Few years ago,  I took over one project, which is haunted with performance issue. There are many factors that causing the slowness but one concern is too many Ajax requests. I opened browser in debug mode and found more than 6 requests being sent to servers to load different parts of page. Moreover, it is getting worse as the project is delivered by teams from different continents, different time zone. Features are developed in parallel and the developer working on a feature conveniently add server endpoint and Ajax request to let work done. Worrying that the situation is going out of control, we decided to shift the direction of development. The original design is like this:

For most of Ajax requests, the response return JSON model of data. Then, the Knock-out framework will do the binding of html controls with models. We do not face the nested requests issue here but the loading time cannot be faster because of browser limit and many http threads is consumed to serve a single page load. One more problem is the lack of caching. The page contents are pretty static with minimal customization on some parts of webpages.

After consideration, we decided to do a reset to the number of requests by generating page contents in one page. However, if you do not do it properly, it may become like this:

This is even worse than original design. It is more or less equal to having the limit of 1 connection to server and all the requests are handled one by one.

The proper way to achieve similar performance use Aysnc Programming

Each promise can be executed in a separate thread (not http thread) and the response is returned when all the promises are completed. We also apply caching to all of the services to ensure the service to return quickly. With the new design, the page response is faster and server capacity is improved as well.

2. Fail to manage the request queue

When you make a Ajax request in javascript and browser do not have any available connection to serve your request, it will temporarily put the request to the request queue. Disaster happens when developers fail to manage the request queue properly. This often happens with rich client application. Rich client application functions more like an application than a web page. Clicking on button should not trigger loading new web address. Instead, the page content is uploaded with result of Ajax requests. The common mistake is to let new requests to be created when you have not managed to clean up the existing requests in queue.

I have worked on a web application that make more than 10 Ajax requests when user change value of a first level combo box. Imagine what happen if user change the value of the combo box 10 times consecutively without any break in between? There will be 100 Ajax requests go to request queue and your page seem hanging for a few minutes. This is an intermittent issue because it only happen if user manage to create Ajax requests faster than the browser can handle.

The solution is simple, you have two options here. For the first option, forget about rich client application, refreshing the whole page to load new contents. To persist the value of the combo box, store it as a hash attached to the current URL address. In this case, browser will clear up the queue. The second option is even simpler, block user from making change to combo box if the queue is not yet cleared. To avoid bad experience, you can show the loading bar while disabling the combo box.
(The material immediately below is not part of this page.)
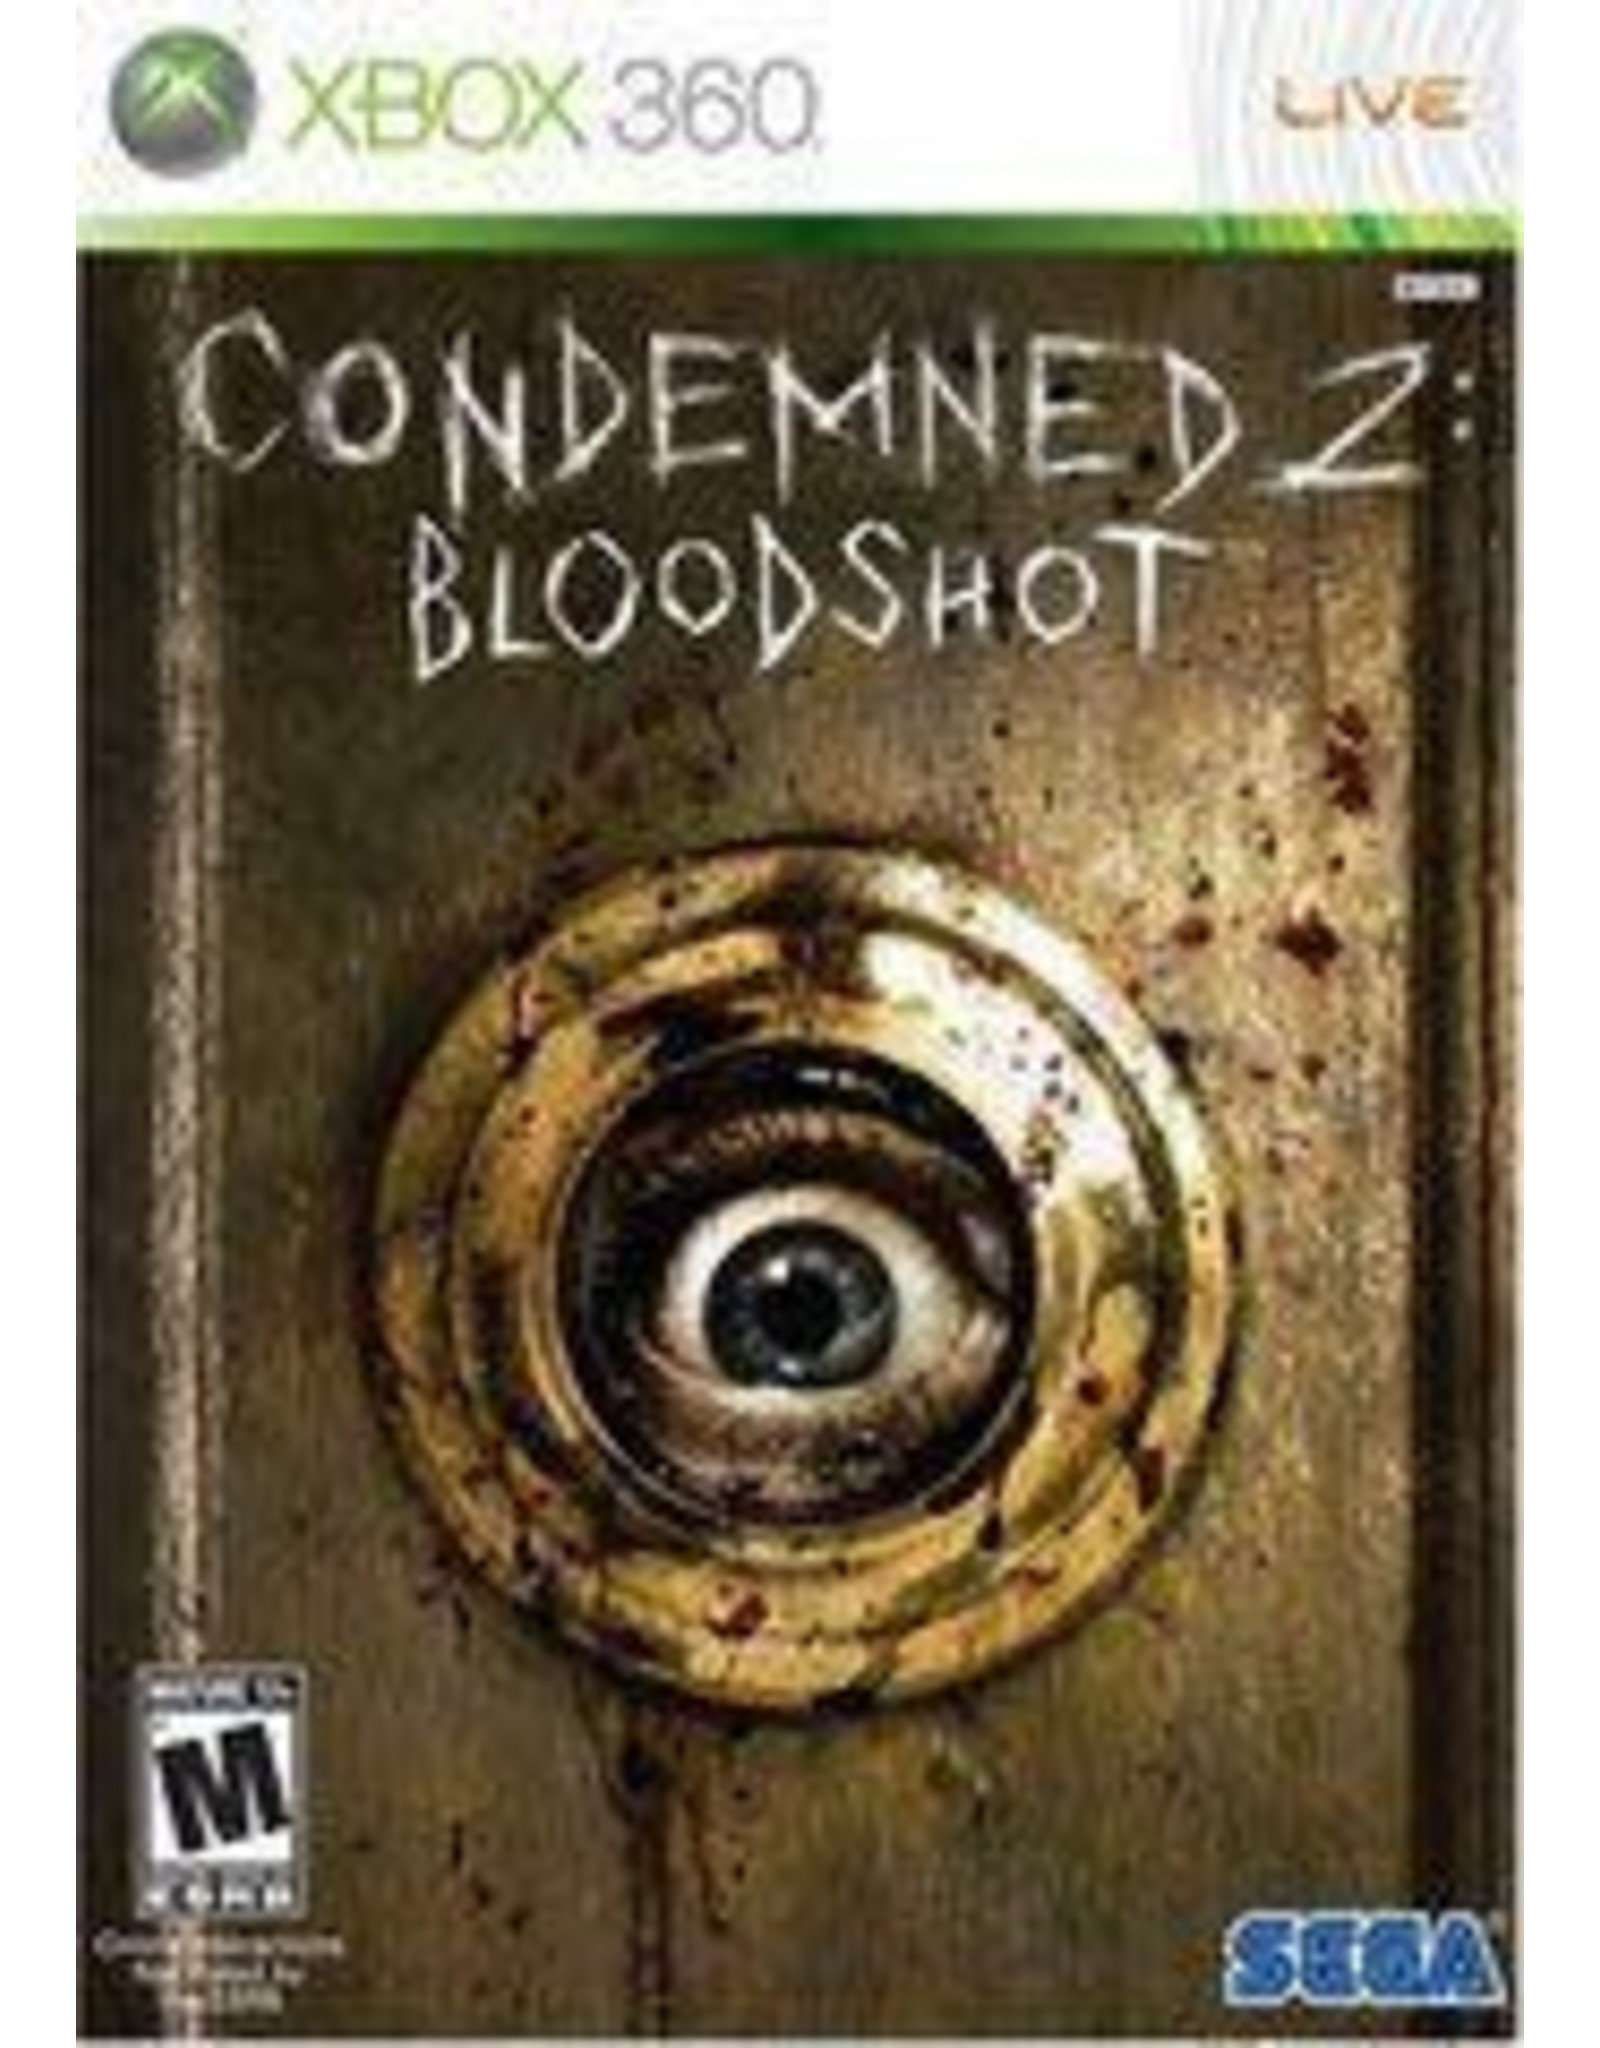 Xbox 360 Condemned 2 Bloodshot (CiB)

3. Nesting of Ajax requests

I have never seen a business requirement for nesting Ajax request. Most of the time I saw nesting request, it was design mistake. For example, if you are a lazy developer and you need to load flags for every country in the world, sorting by continent. Disaster happen when you decide to write code this way:
  • Load the continent list
  • For each continent, loading countries
Assume the world have 5 continents, then you spawn 1 + 5 = 6 requests. This is not necessary as you can return a complex data structure that contain all of these information. Making requests is expensive, making nesting request is very expensive, using Facade pattern to get what you want in a single call is the way to go.